From the newly arrived mail, I would ‘star’ those I thought would need some sort of follow-up. Things that don’t interest me I would leave unread but not throw out. This would be my basic triage method. I also have various filtering rules that label incoming mail (apart from ‘starred’) according to what part of my professional activities they represent (my company, my fablab stuff etc.) Using Gmail’s multiple inbox feature, those stars and labels were presented on my laptop screen as separate lists next to the main inbox.

At some point during the day I would open my mail (Gmail’s web interface) on my laptop and:

  • mark all remaining unread mail as read
  • work through the starred items
  • look at/answer mail while working on a specific professional context (1 of the inboxes)

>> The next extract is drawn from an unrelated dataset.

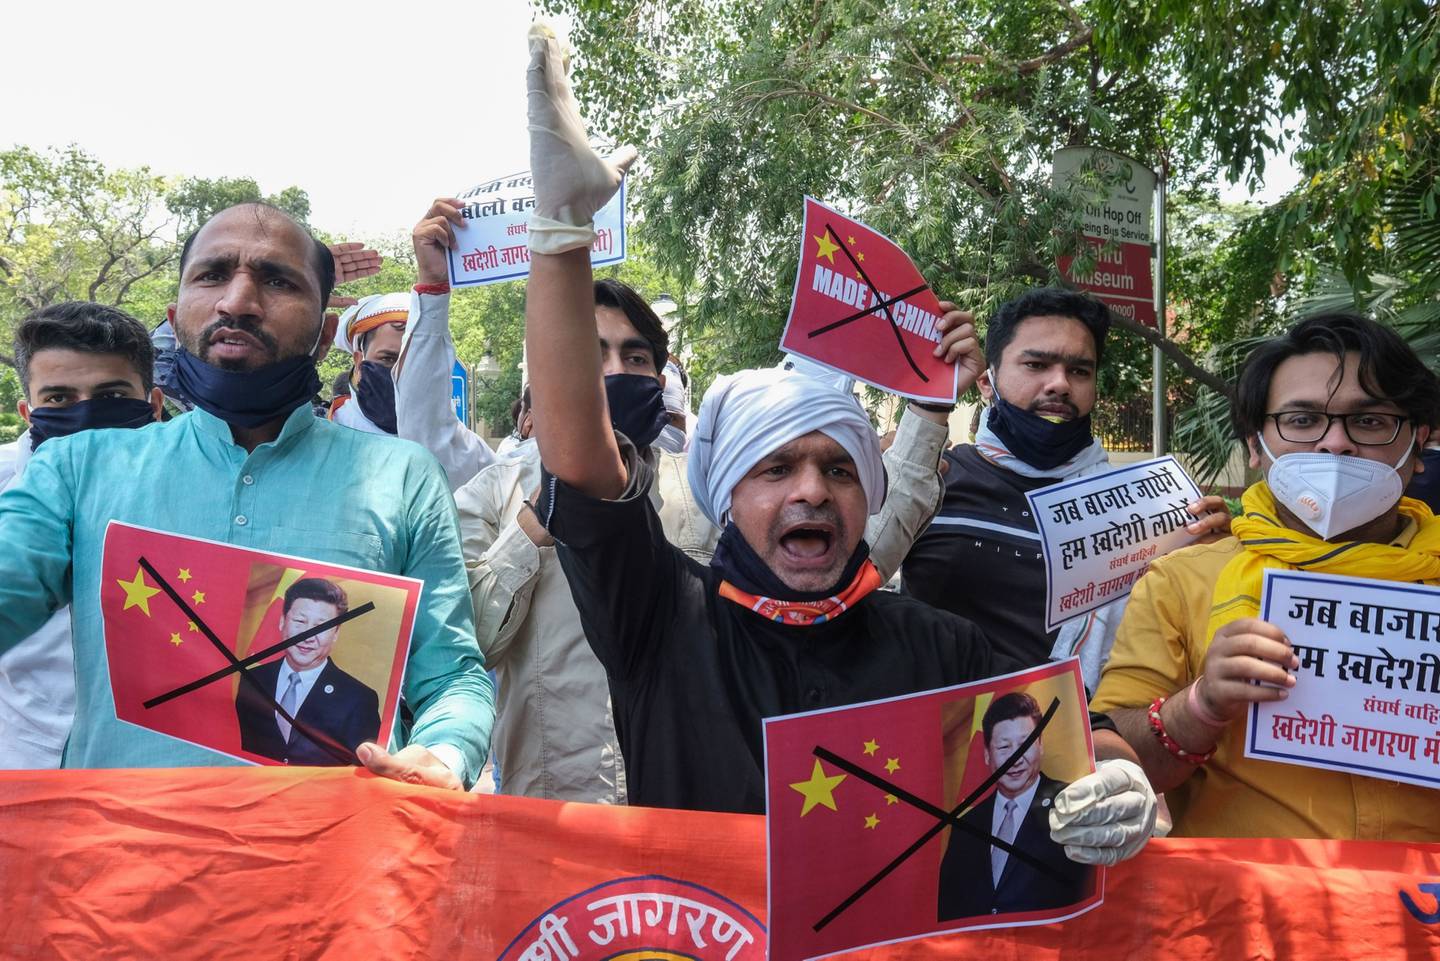 Activistas nacionalistas hindúes gritan consignas durante una protesta frente a la embajada china en Nueva Delhi en junio de 2020, tras un enfrentamiento militar de siete semanas entre India y China. Fotógrafo: T. Narayan/Bloombergdfd

The problem with this was that a starred mail could still mean many things (migh be interesting, immediate action, little or lots of work, read, keep in mind etc.) I basically needed to reevaluate every single mail, every time I opened up the ‘starred’ list. Over time that list would grow with unprocessed items from the past, becoming a ineffective mental drag, except for the recently starred messages. Also some of the multiple inboxes had survived beyond their waned usefulness due to changing focus and activities, and I had difficulty putting them to new good use.

The new routine
My current mobile app (the place where I do my first mail triage) fully supports labeling messages and accessing archived mails. Functionality I wasn’t putting to good use. So that makes it possible to do more detailed and better triage on incoming mail. I now, following the GTD material I mentioned above:

  • use many more filtering rules to automatically process and label incoming mails, alerts, mailers etc.
  • have unsubscribed a wide range of mailers connected to long time ago interests
  • have moved some quarter million mail exchanges of the past years from the inbox to the archive
  • label the remaining few mails that still reach my inbox with 1_reply, 2_todo, 3_toread, 4_waiting and other assorted relevant labels (such as ‘bookkeeping’, ‘opendata’, ‘acquisition’ etc.) so they can be more easily found back when needed
  • create new filtering rules when a mail arrives that warrants a filter
  • empty the inbox by moving all labeled and remaining unlabeled mail into the archive

The original multiple inboxes I now show below new mail, in stead of to the right where I had them for the past years. The multiple inboxes now show the reply/todo/read/waiting labels. That looks like this:

mailinbox

Key take-aways and needs
Changing my mail process and method of triage turned out to be easy. It moved the decision what to do with an e-mail forward 1 step, and made it part of the triage. (Before I would only star a mail and then decide later). This makes my normal daily time slot for mail sufficient to actually deal with the contents of that mail.

Main ‘win’ is that my mail interface is much less noisy, both due to heavier automated filtering and removing processed messages from the inbox. Before I would see whatever was left over from ‘before’ and always have a full page of messages in front of me. That clutter is now 5 short lists, with only one of those lists needing attention at any given time. All other stuff from mailing lists are available under a label/tag, when I decide I want to catch up but never clog up the inbox.

My main demand, being able to do triage ‘on the go’, is still being met (and more automated than before). The reduced clutter also feels like it might be a benefit when I move out of Gmail.

The only thing to still do is to much better connect the list of mails labeled to-do to my actual task management tool (Things, by Cultured Code) and making sure they get the right follow-up that way. I could probably automate that, but haven’t figured out how to do that yet. This may mean that the to-do part of the mail flow will actually disappear from my gmail altogether.